After finishing the paperwork and finally being ushered into a room to actually talk to someone, the stark truth hit me upside the head.  I was too fat, too short, probably needed a boob job, needed to tone and I'd require a ton of training to learn how to walk right, hold myself right, blah, blah, blah.  I weighed about 132 lbs at that time in my life, I was 5'7.  When I looked in the mirror, I thought I looked pretty good, but the truth was, I didn't look like a model.



Not to be deterred, I went back the next week for a 'trial session'.  I really had no idea that modeling was actually hard work and required technique.  In the end, I could pay up for lessons, quite a few of them for a quite a few dollars, or 'there' was the door.  I walked through it.

I was crushed.  My hopes for 'making it' were in the toilet and I realized I was going to have to figure out how to live.  Reflection is an interesting thing.  I've spent years telling people I modeled as a young woman.  I suppose on some very small level it is true, but really, it is just how I wanted to be viewed.  I wanted to be seen as a woman who held sway over the world through remarkable beauty. Somehow, I thought that would put me in a better light than the reality.
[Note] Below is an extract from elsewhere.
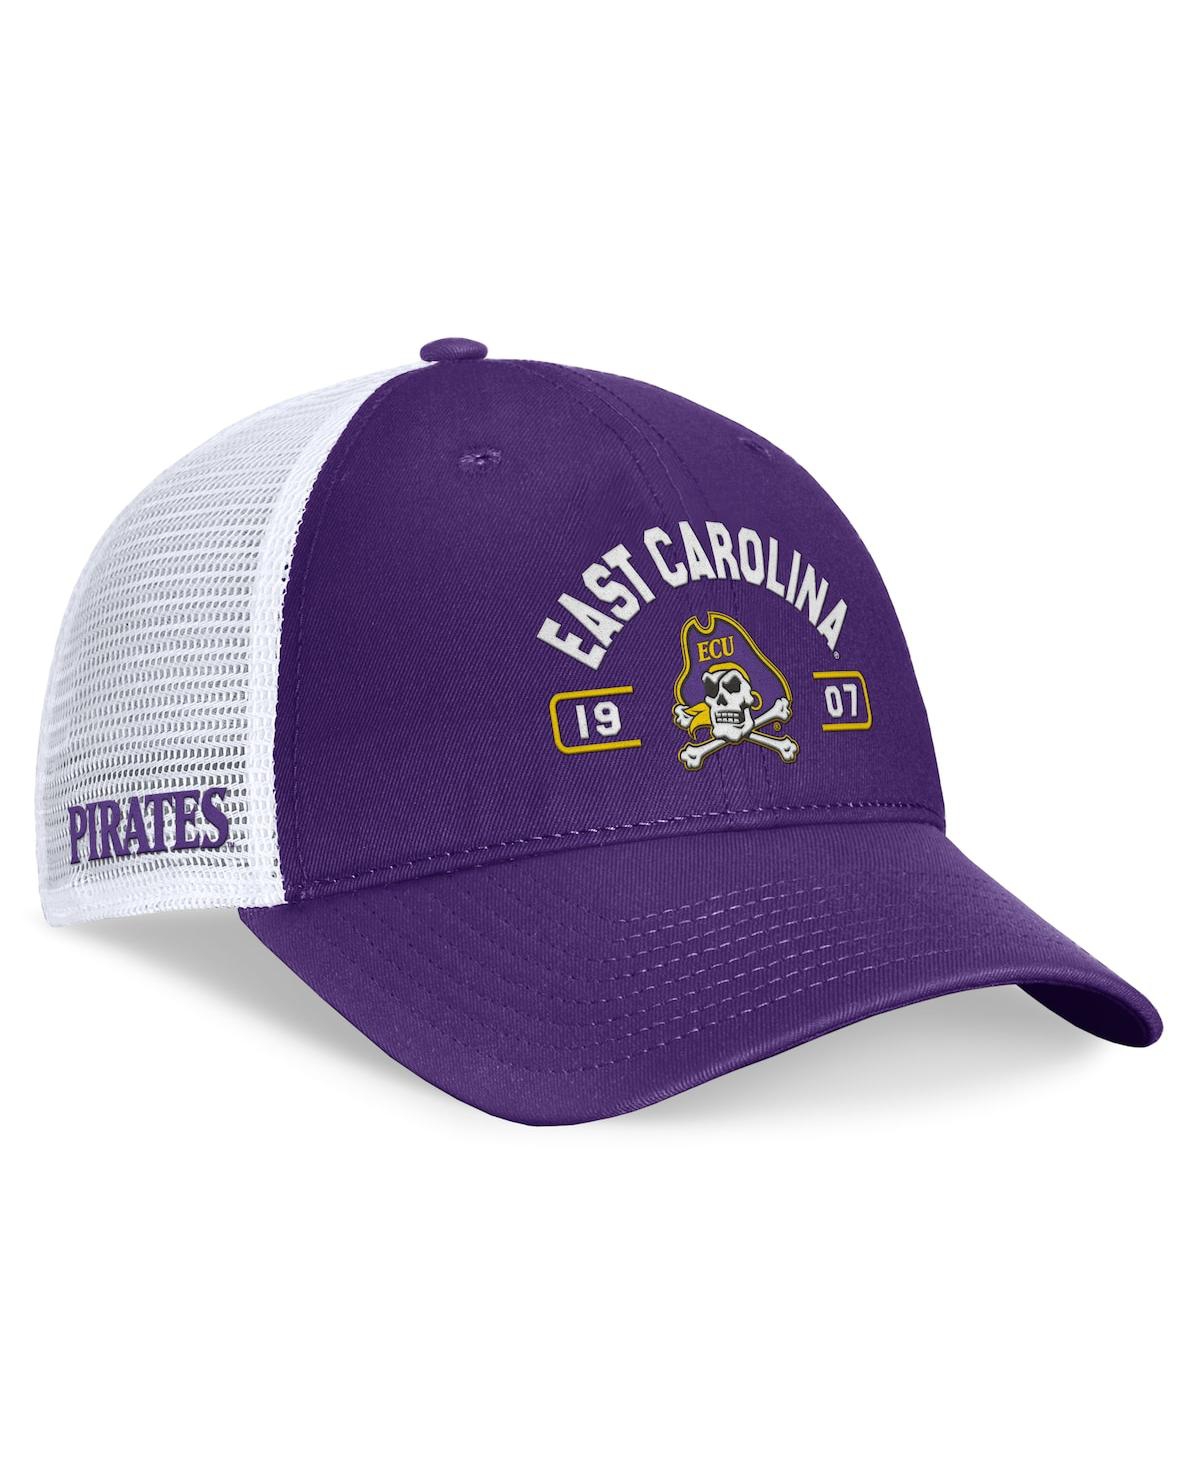 Men's / Ecu Pirates Free Kick Trucker Adjustable Hat - Purple, White

The reality was that I was an ordinary pretty girl. Lots of girls are pretty because God makes girls pretty, it's part of the plan.  But beauty doesn't define or elevate any one of us above the others.  It's a gift like any other, from the Maker, for His glory and our good.


With my ego deflated, I went back out and tried again to attract a man who'd make me feel like I was worth something. I found a few who were willing to pretend for a bit. One man was a Sportscaster on the local news station.  That gem invited me back to his apartment and tried to force me to have sex with him.  I escaped, thankfully, but it terrified me.

I reconnected with a guy I'd known in high school who was recently out of jail for selling drugs.  I'd liked him in school and thought perhaps we could rekindle something.  We couldn't, but it required sex to determine that.

I dated a few guys from work.  One was a great guy who had a girlfriend back home.  The reality was, I didn't date him because he wouldn't date me.  He was faithful to his girl, a genuine good guy, but I told myself we were dating.  And I hoped I could lure him away from her.

The other fellow was a confessed, practicing alcoholic, but I didn't mind. He was someone to be with when I was lonely. Meaningless, empty sex.

One man I dated as a challenge. A friend told me that she could get him into bed before I could.  He was 32 years old, married, and the father of a two year old.  I took up the challenge, and won.  What a lousy prize!  He was the biggest pig of all, a mechanic with a garage full of pornography and no shame in the way he spoke to me or about me to others.  He humiliated me often by 'bragging' on our sexual adventures as I stood there.  It wasn't any challenge at all to get him to bed, but I fell for it all the same. He was a philandering pig and I his accomplice.  Once again, I was willingly participating.  In the end, his wife found out and he divorced.  More shame. I was to blame, at least partly, for the break-up of a family.

I slept with another mechanic when I needed my car fixed. I was living cheaply, smoking away most of my earnings and barely managing to survive.  But I still wasn't ready to do anything different. I was still grasping at what I thought would fulfill.

My life at that point had been greatly informed by lewd Jackie Collins novels which painted a vivid picture of the need for a young woman to be a confident 'bi%$*' and a distorted 1980's entertainment industry and I was pursuing that dream for all I was worth.

1 comment:

  1. Love you so much, Sis. Amazing how even our environment/people around us can speak lies into our lives... And we believe them!